Task objective: Would you repeat the listing exactly but omit every picture?

Information shown:
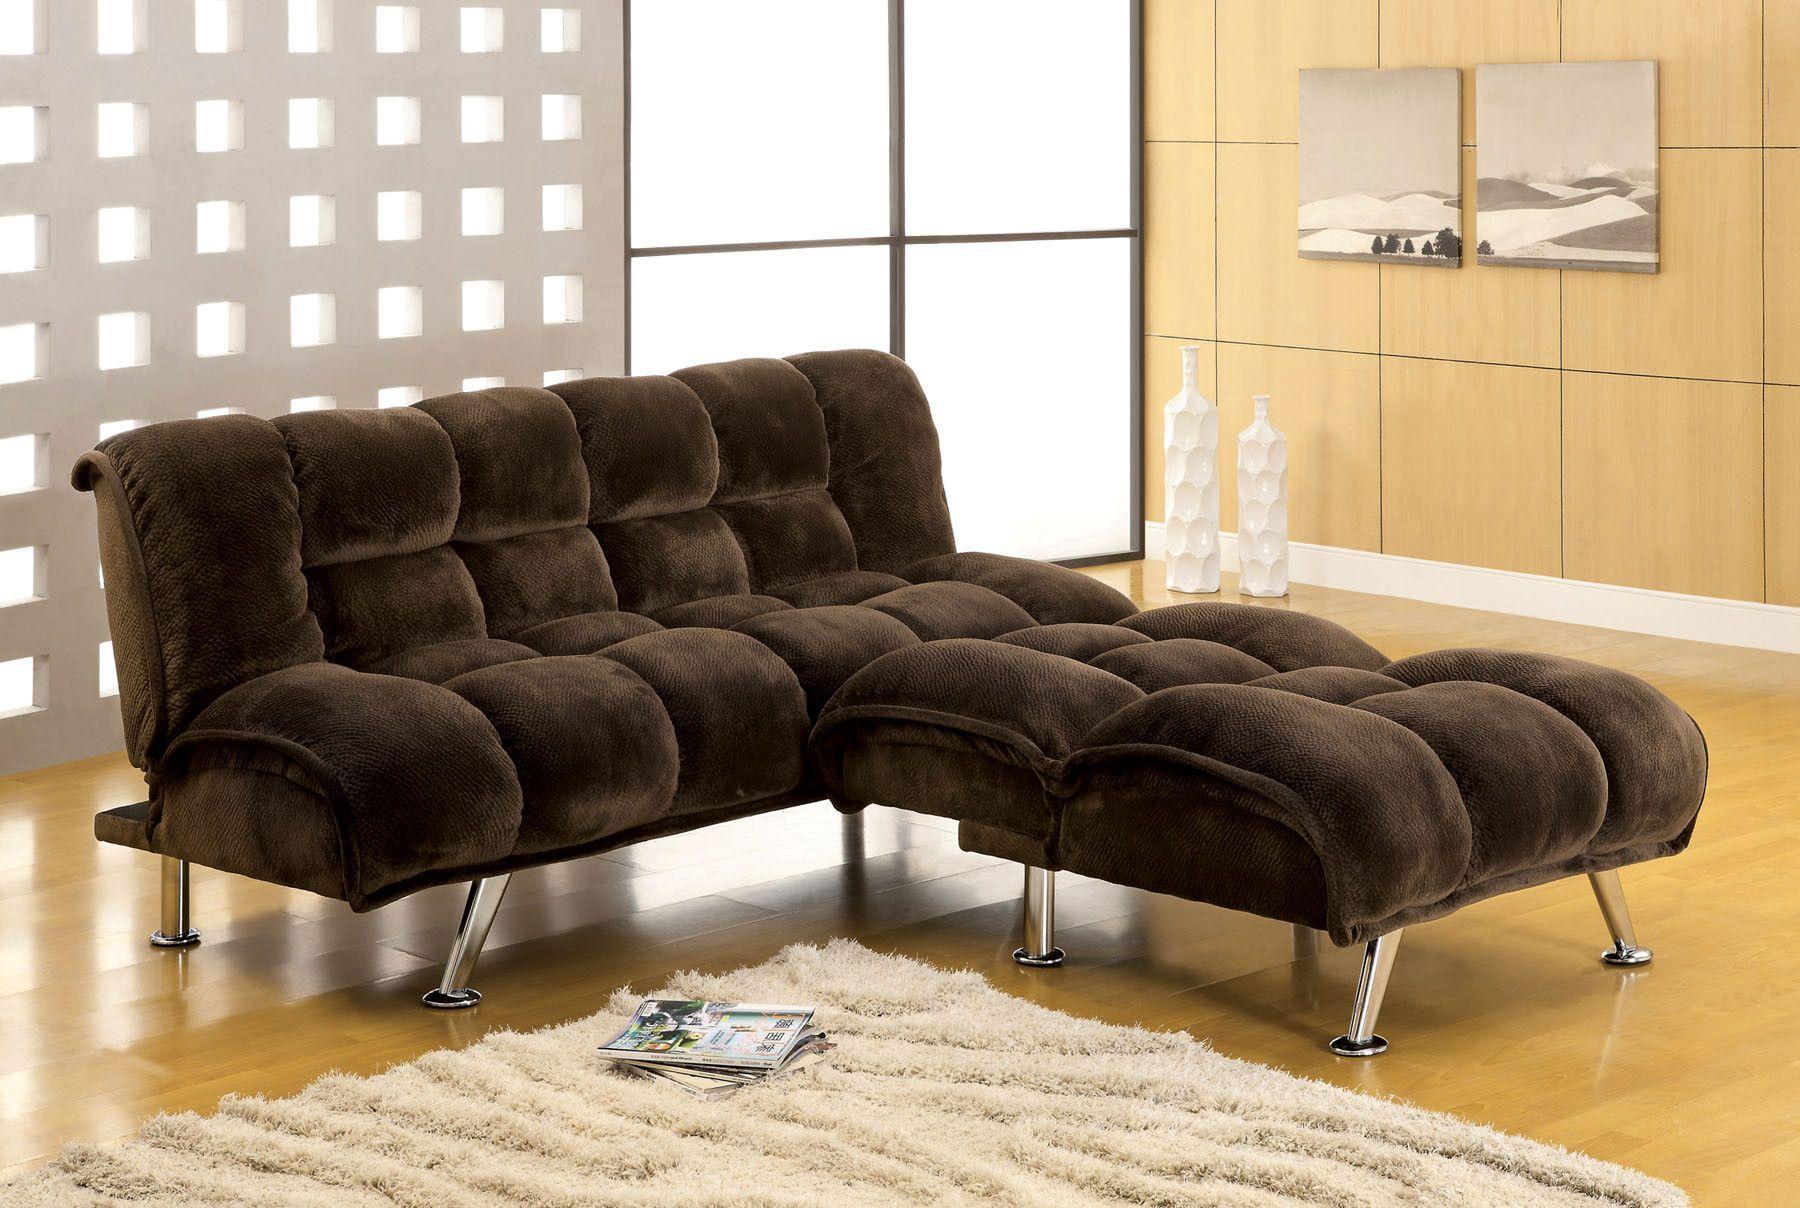 Furniture Of America Marbelle Futon Sofa
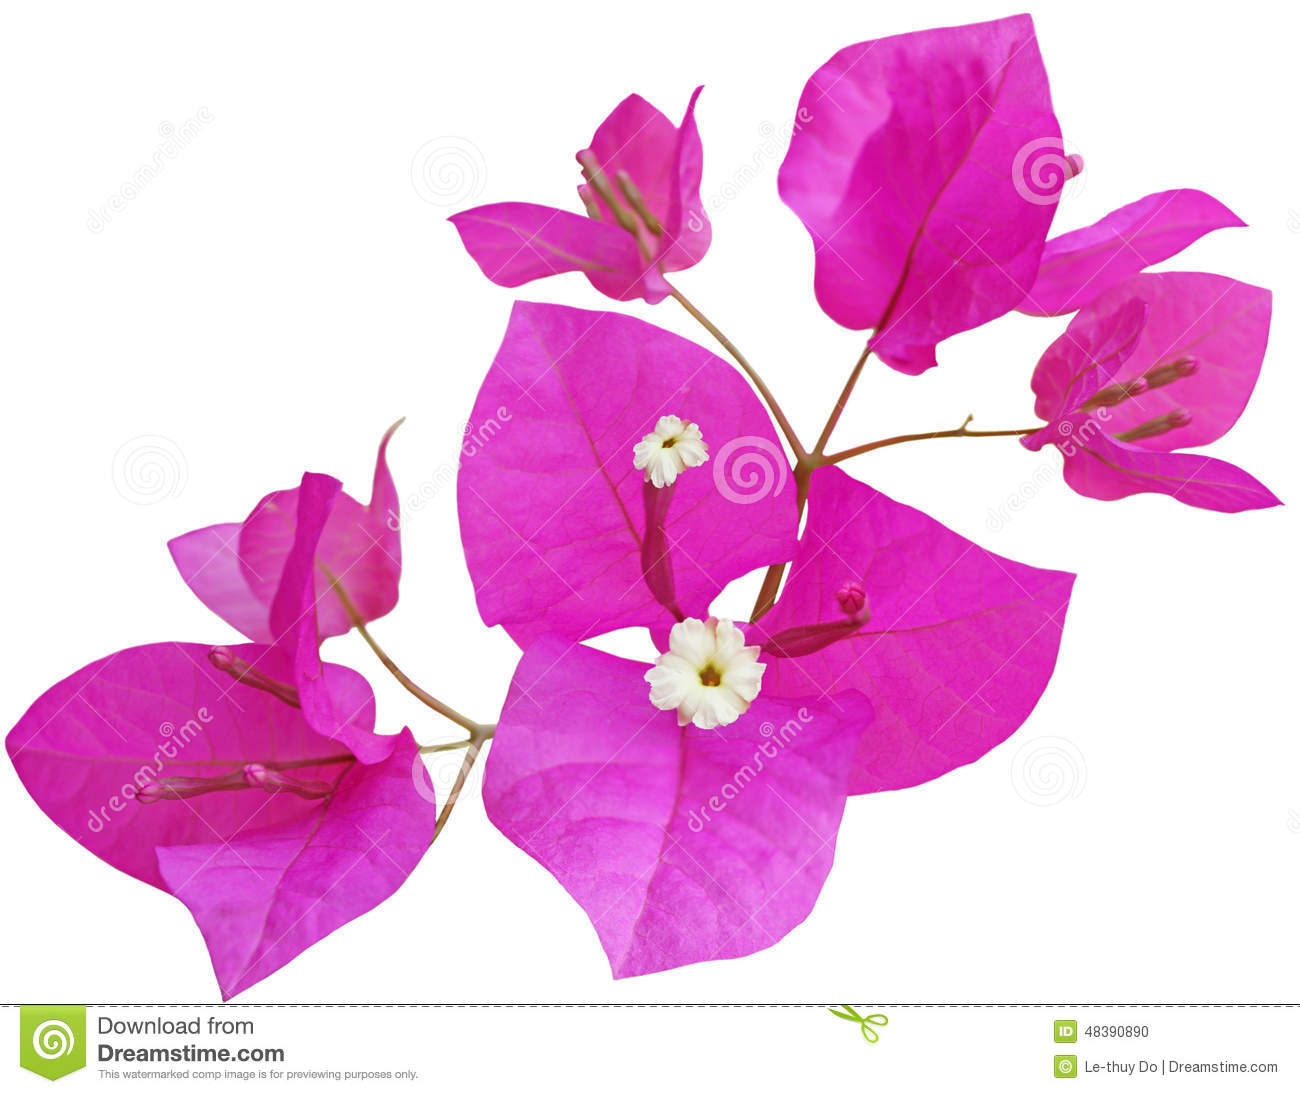 bougainvillea flowers clipart
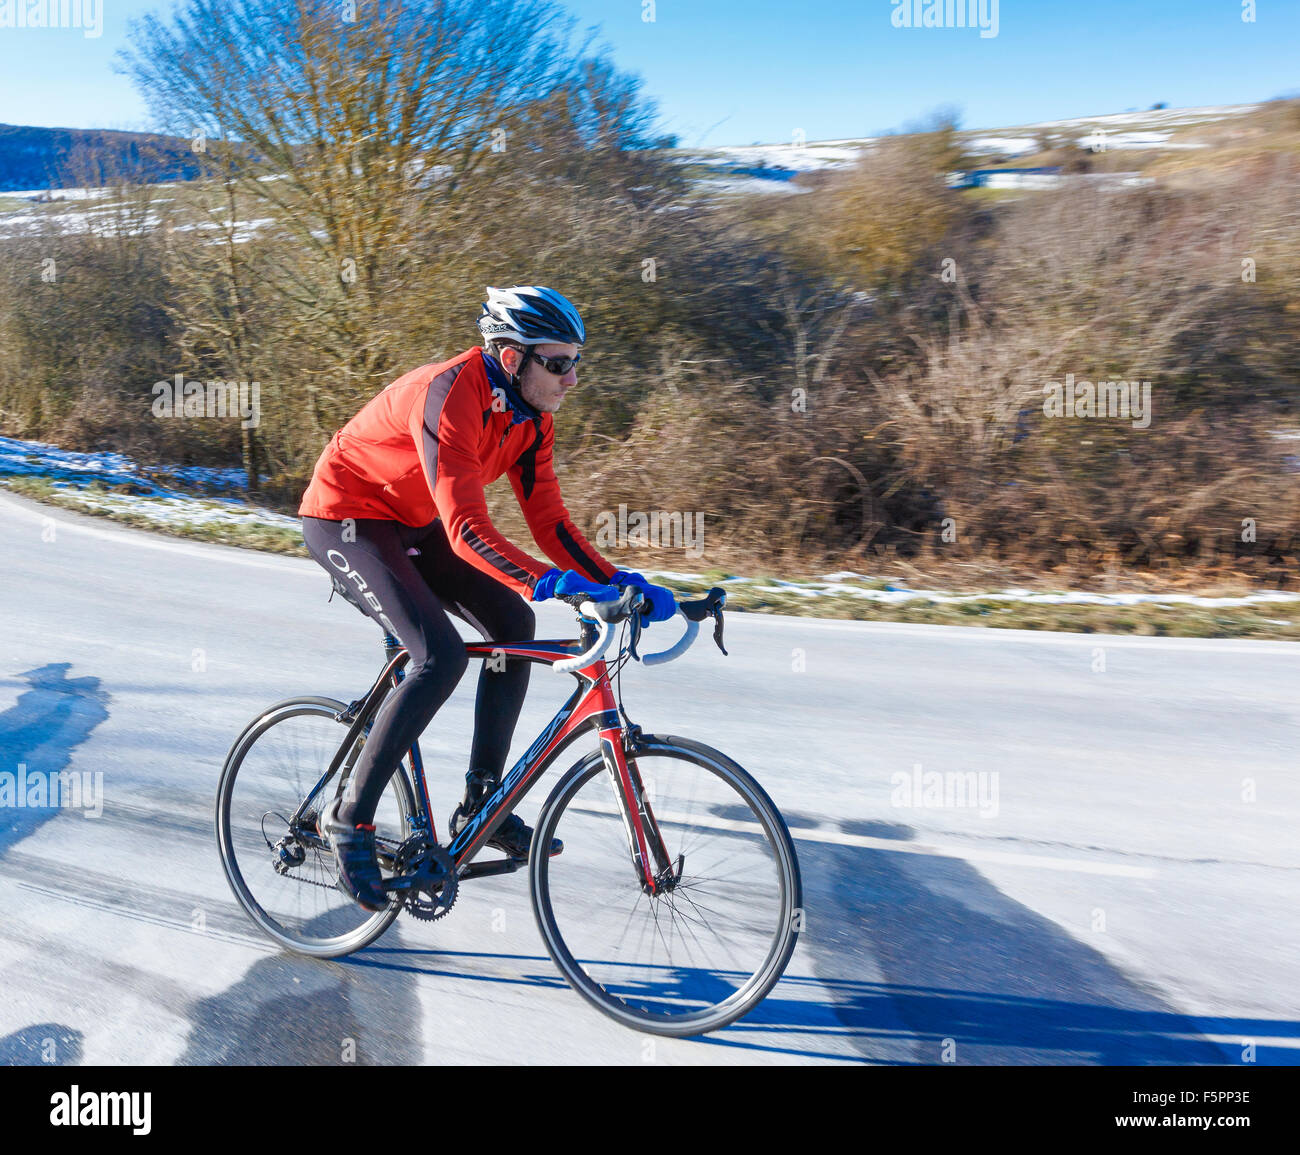 Ciclista en una carretera. Lizarraga pass. Navarra, España, Europa. Imagen De Stock
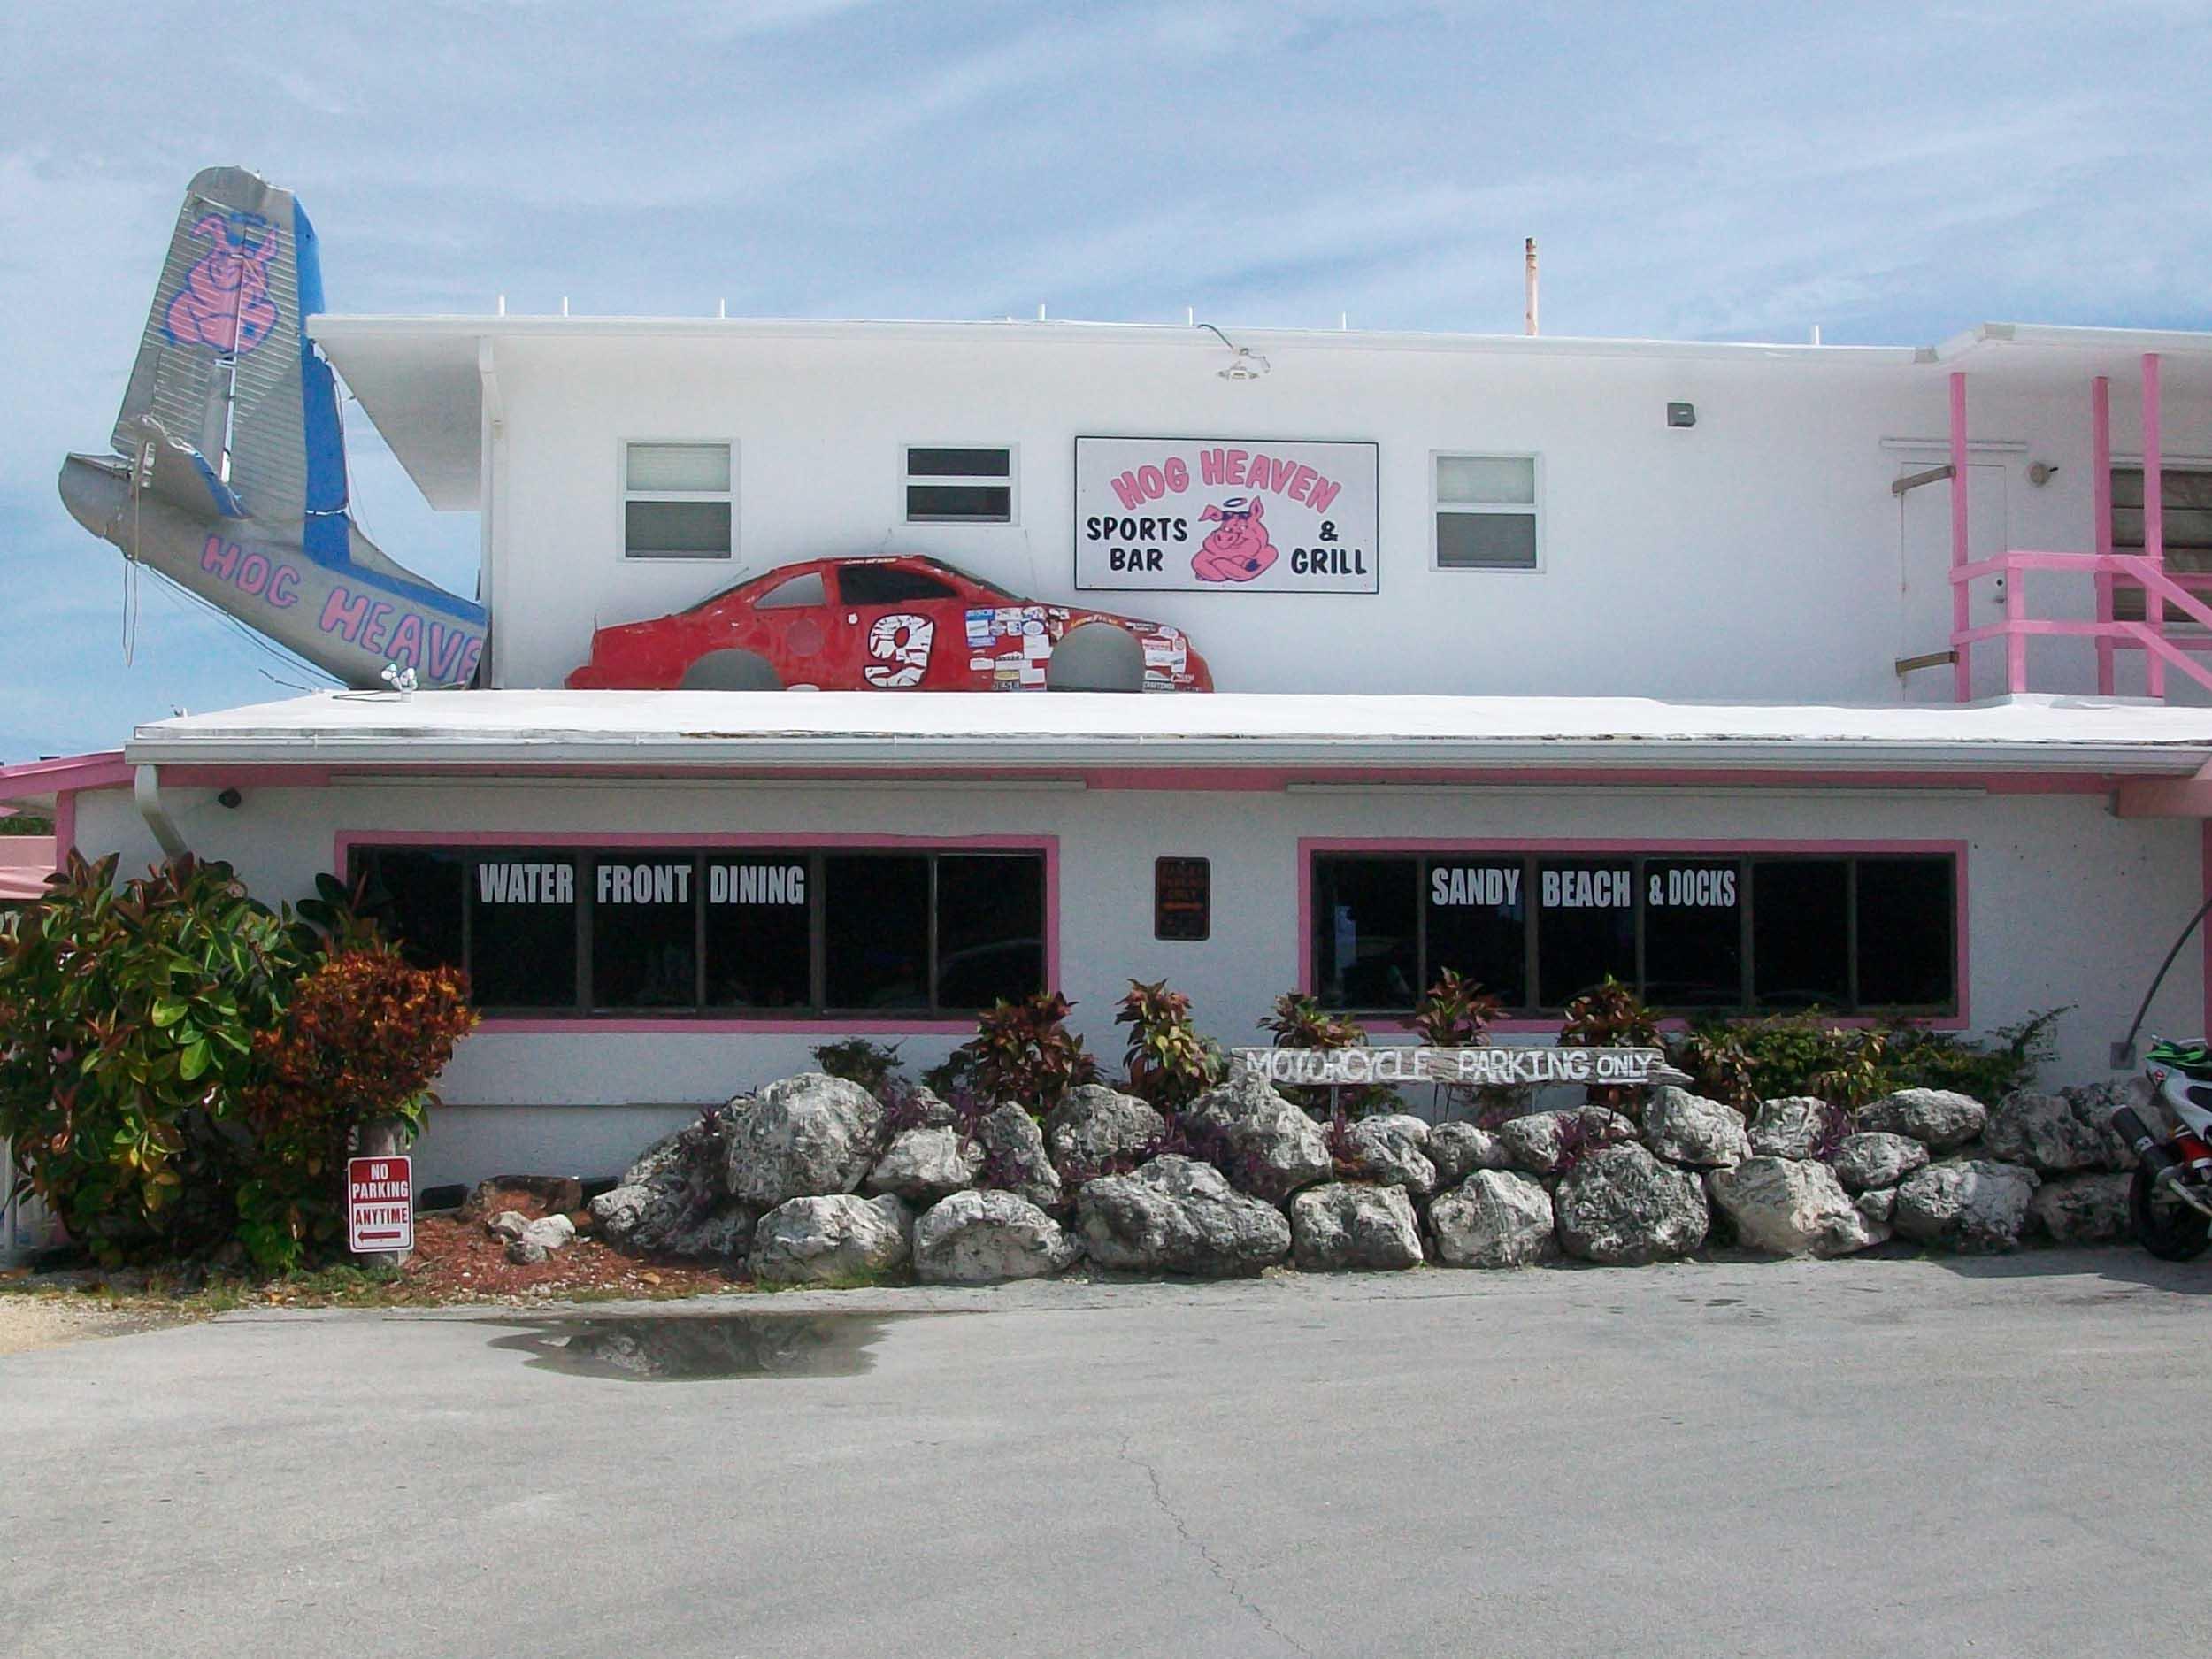 Hog Heaven Sports Bar and Grill Entrance

Exercise answer:
 Furniture Of America Marbelle Futon Sofa
 bougainvillea flowers clipart
 Ciclista en una carretera. Lizarraga pass. Navarra, España, Europa. Imagen De Stock
 Hog Heaven Sports Bar and Grill Entrance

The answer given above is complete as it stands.